Occasionally when using an asterisk based freepbx installation with iSymphony, you will run into problems as you grow your business and dialplan. We will discuss one such hypothetical problem, as we do here:
Suppose you had reps and managers complaining that their iSymphony was blank, or updating so far behind as to be useless. Well i wish this was a less common occurance, however in this story it’s happened. After shutting down the server with
$ /opt/isymphony/server/shutdown.sh
and launching via
$ /opt/isymphony/server/startup.sh
The clients would start up again, but fail shortly after.
The developers thought it might be due to a long dial string, like a long ring group, or possibly a queue with a lot of members, well only if 11 agents and 13 caller is “alot” which it seems like it is unfortunately…
Well it seems that autofill had been enabled on the queue, and it was running around in circles as fast as it could trying to pass calls to agents, even if they were already on the phone or otherwise incapacitated.

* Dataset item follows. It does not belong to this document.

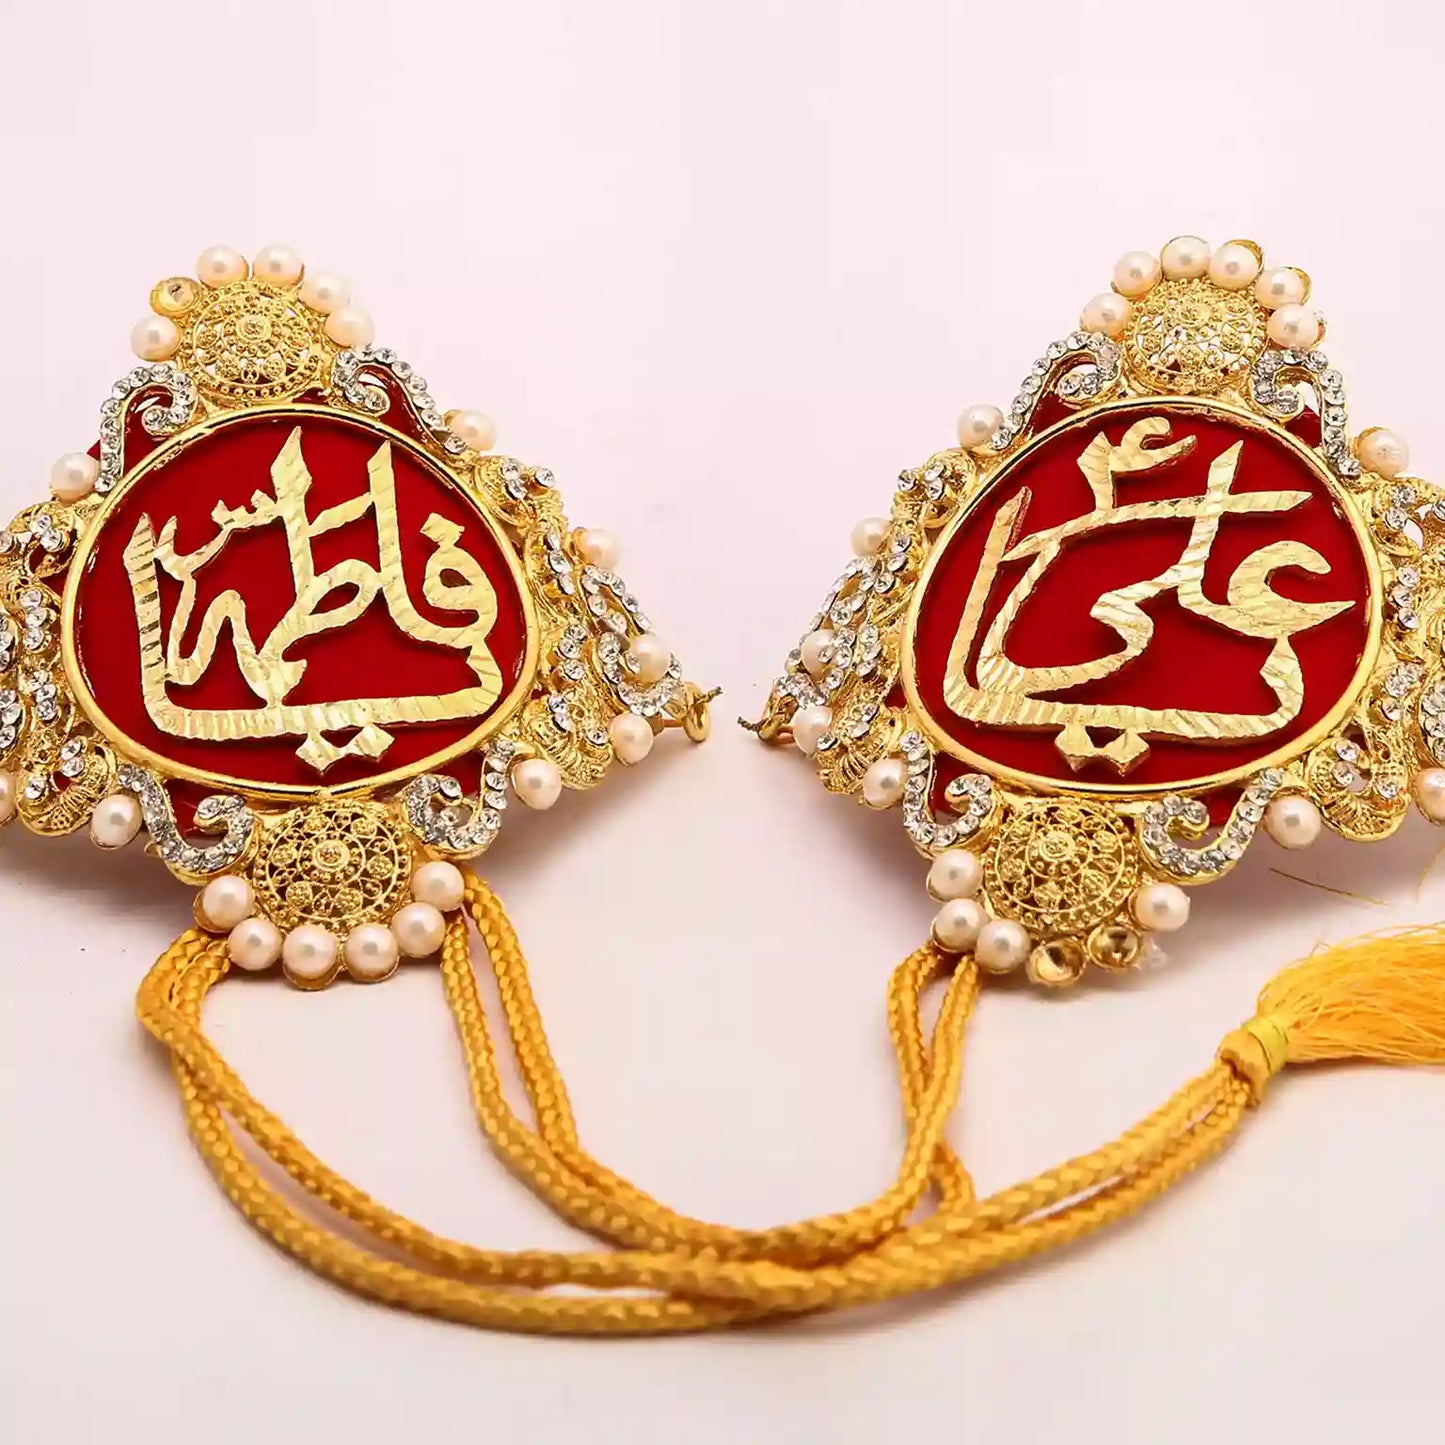 Ya Ali as and Ya Fatima sa Red Kashi Imamzamin Zircons & Pearl Work A Symbol of Love

Switching to a single call delivery method fixed the whole fiasco, but obviously the drawback is slower call distribution.. if this was for a large anything it would be unacceptable, and only barely so in this case, and only because it’s the 2ndary “lesser” pbx.

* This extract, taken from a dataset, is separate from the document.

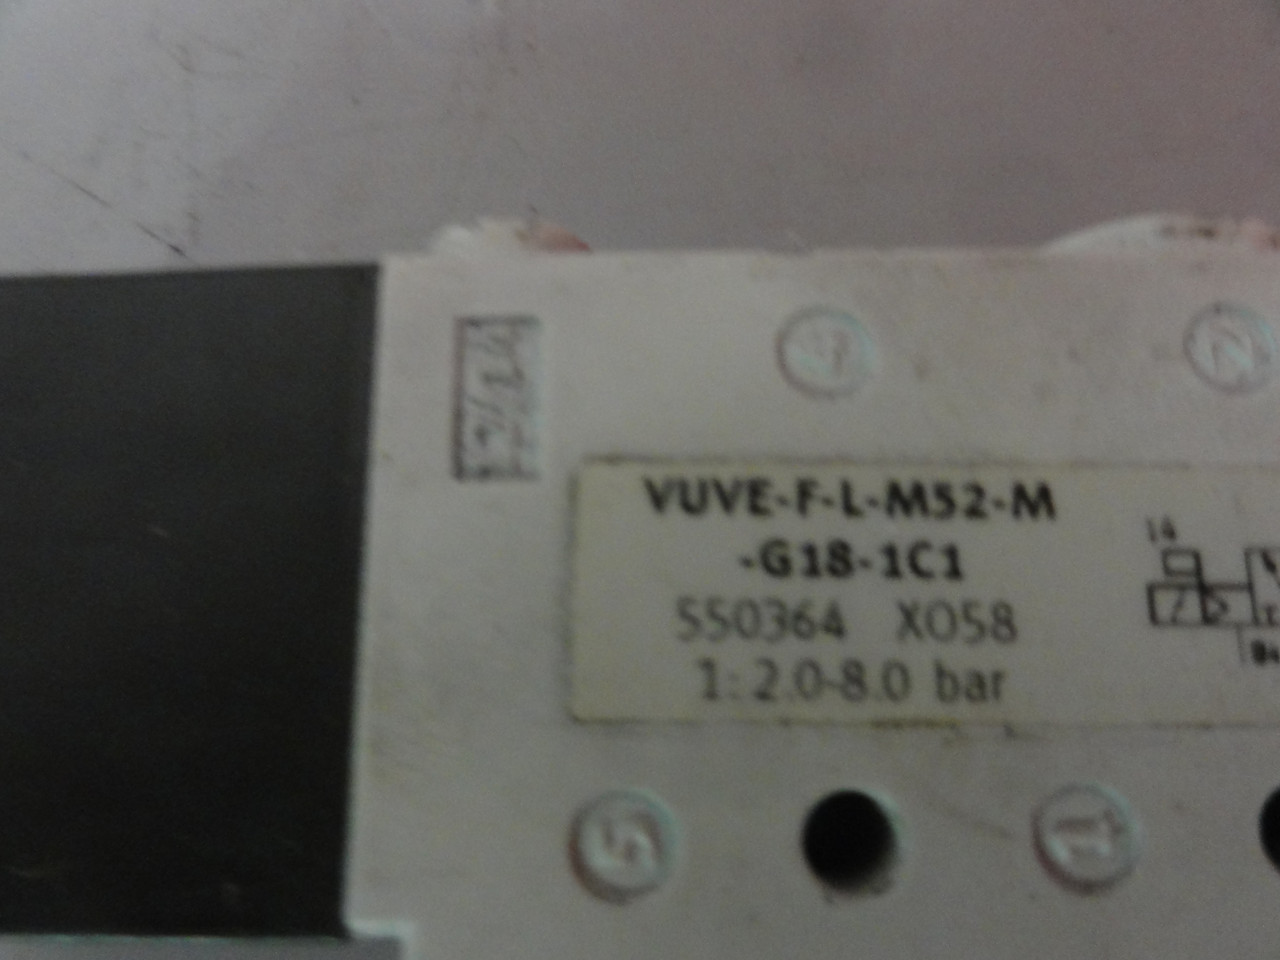 Festo VUVE-F-L-M52-M-G18-1C1 Solenoid Valve

It seems this is because FreePBX uses Local channels when it logs members into the queue, this is so that an agent can be any sort of device, however it also means that asterisk doesn’t know that its (most likely) a sip channel, and as such, it doesn’t know it can check it status, so that it would just keep the caller on hold until an agent became available. Instead, it is running through each agent, attempting to deliver X calls (# in queue) constantly to any agent is available.
This was on a asterisk 1.8 , freepbx 2.9 install, however, the same exact problem was observed on Asterisk 11, freepbx 2.11beta. I heard 3rd hand that device hints may be the solution, however my understanding is that those are for programmable buttons on a phone to do 1-click login or similar. Unless there is another type of ‘device hint’. I definitely see the benefit of having Local agents, and I also see why these device hints are necessary, so that if no agents are available, asterisk doesn’t try and deliver calls, it should wait patiently.
Unfortunately there is no good solution yet. I’m currently considering a few options:
1) Logging all agents in as SIP/ and seeing if asterisk gets smarter
2) Rewriting parts of app_queue to that it waits patiently when agents are unavailable (or unknown).
3) Tracing where asterisk may be looking for status of Local channels and filling in the blanks.
I’m not a full-time programmer, though I have done over a thousand hours of programming, so I will need to warm up a bit to tackle the c code inside asterisk, I will practice by trying to follow the code to accomplish #1 and #3.